Mitos yang paling berbahaya, dan yang diulang setiap hari di sebagian besar media besar, adalah bahwa permasalahan yang terjadi di kedua sisi Atlantik adalah akibat dari “krisis utang” dan hanya dapat diselesaikan melalui pengetatan fiskal. Amerika Serikat sama sekali tidak menghadapi krisis utang publik, dengan pembayaran bunga utang hanya sebesar 1.4 persen dari PDB. Beberapa negara zona euro memang mengalami “krisis utang” – misalnya Yunani. Namun hal ini hanya terjadi karena otoritas Eropa gagal mengambil langkah yang diperlukan untuk menyelesaikan masalah ini, dan malah memperburuk keadaan dengan menyusutkan perekonomian. Dengan kata lain, tidak ada alasan ekonomi yang sah atas beban utang negara – bahkan utang yang tidak berkelanjutan – yang mengakibatkan stagnasi ekonomi selama bertahun-tahun dan tingginya pengangguran. Jika utang perlu direstrukturisasi karena tidak dapat dibayar, seperti di Yunani, maka hal tersebut harus dilakukan secepat mungkin dan dengan pembatalan utang yang cukup agar beban utang yang dihasilkan dapat berkelanjutan – seperti yang dilakukan Argentina dengan utangnya. bawaan berhasil di 2001.
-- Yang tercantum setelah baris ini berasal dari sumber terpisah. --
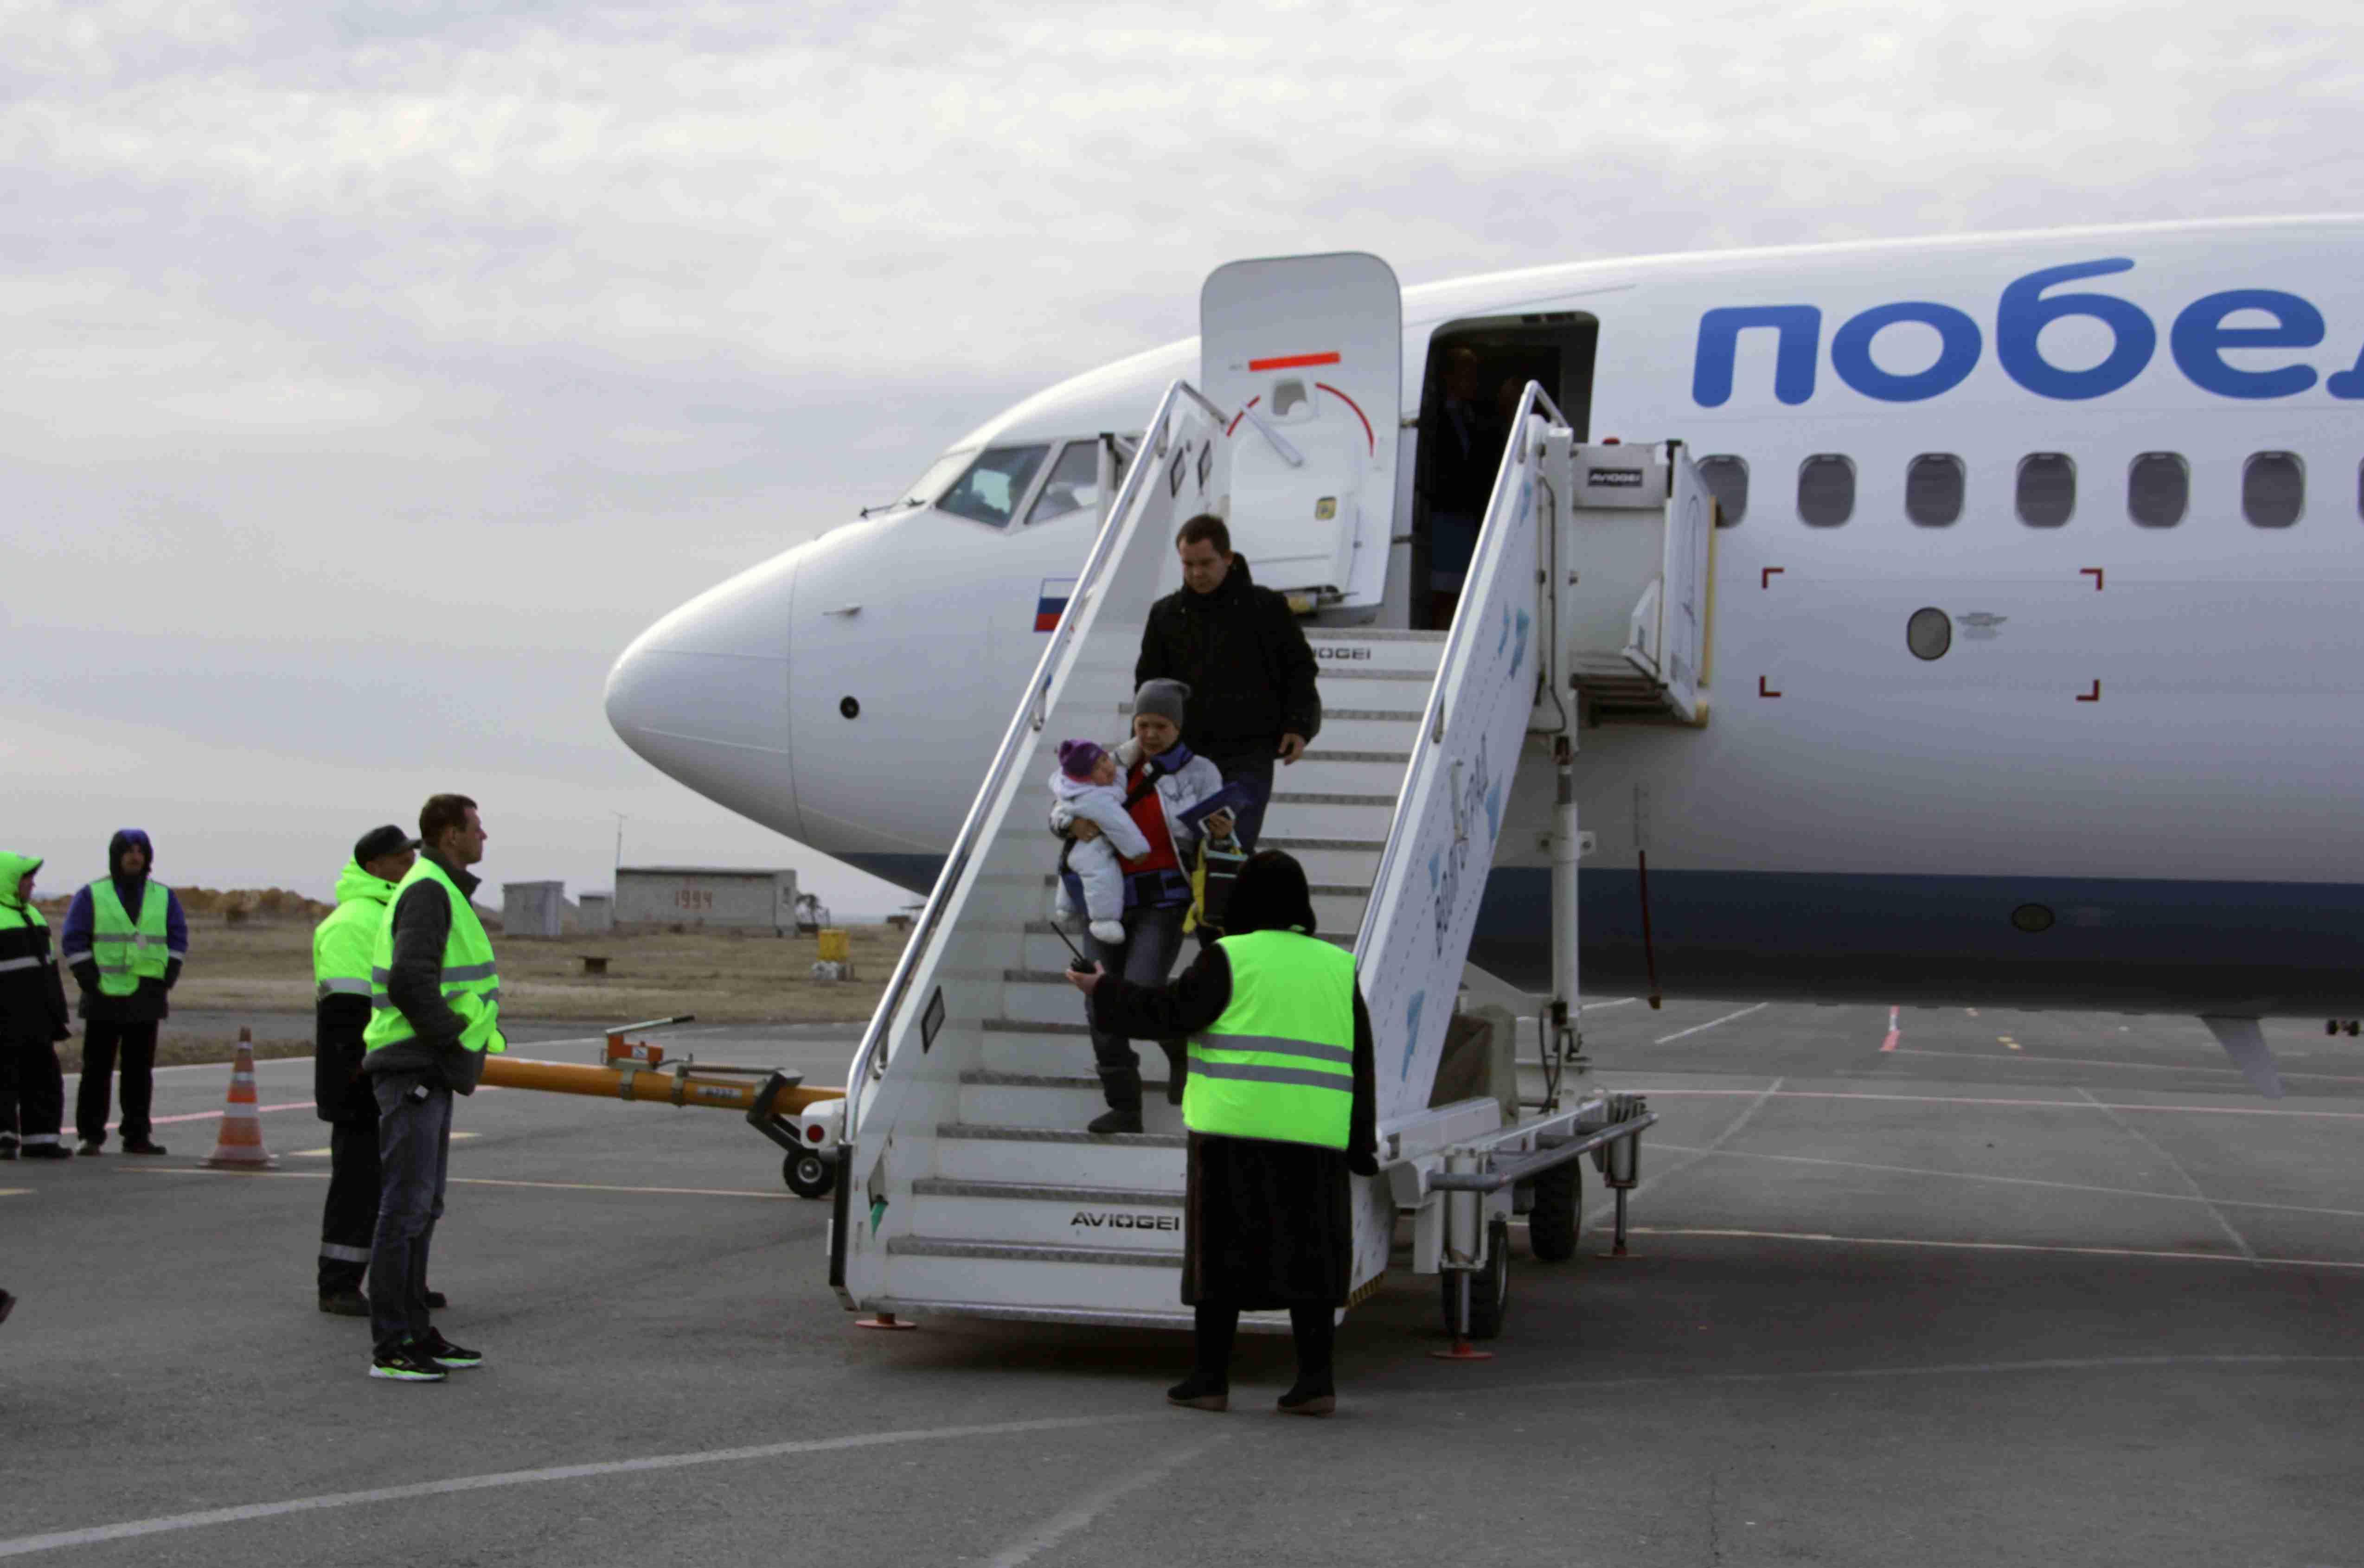 ФАС проверит прекращение авиакомпанией «Победа» полетов вКиров

Zona euro tentu saja terhambat oleh kurangnya otoritas fiskal yang bersatu, dan banyak yang kecewa karena pertemuan Presiden Prancis Nicolas Sarkozy dan Kanselir Jerman Angela Merkel minggu ini tidak mengarah pada penggunaan eurobonds. Yang lebih buruk lagi adalah janji mereka untuk mendorong amandemen anggaran berimbang di seluruh Eropa, dimulai dari negara mereka sendiri. Hal ini menggelikan dan – sejauh ini bukan sekedar sikap – hanya akan menjadi indikator lain seberapa jauh para pemimpin Eropa menyimpang dari kebijakan ekonomi yang berdasarkan kenyataan.
Tandai Weisbrot adalah salah satu direktur Pusat Penelitian Ekonomi dan Kebijakan, di Washington, D.C. Ia juga presiden Kebijakan Luar Negeri.
ZNetwork didanai semata-mata melalui kemurahan hati para pembacanya.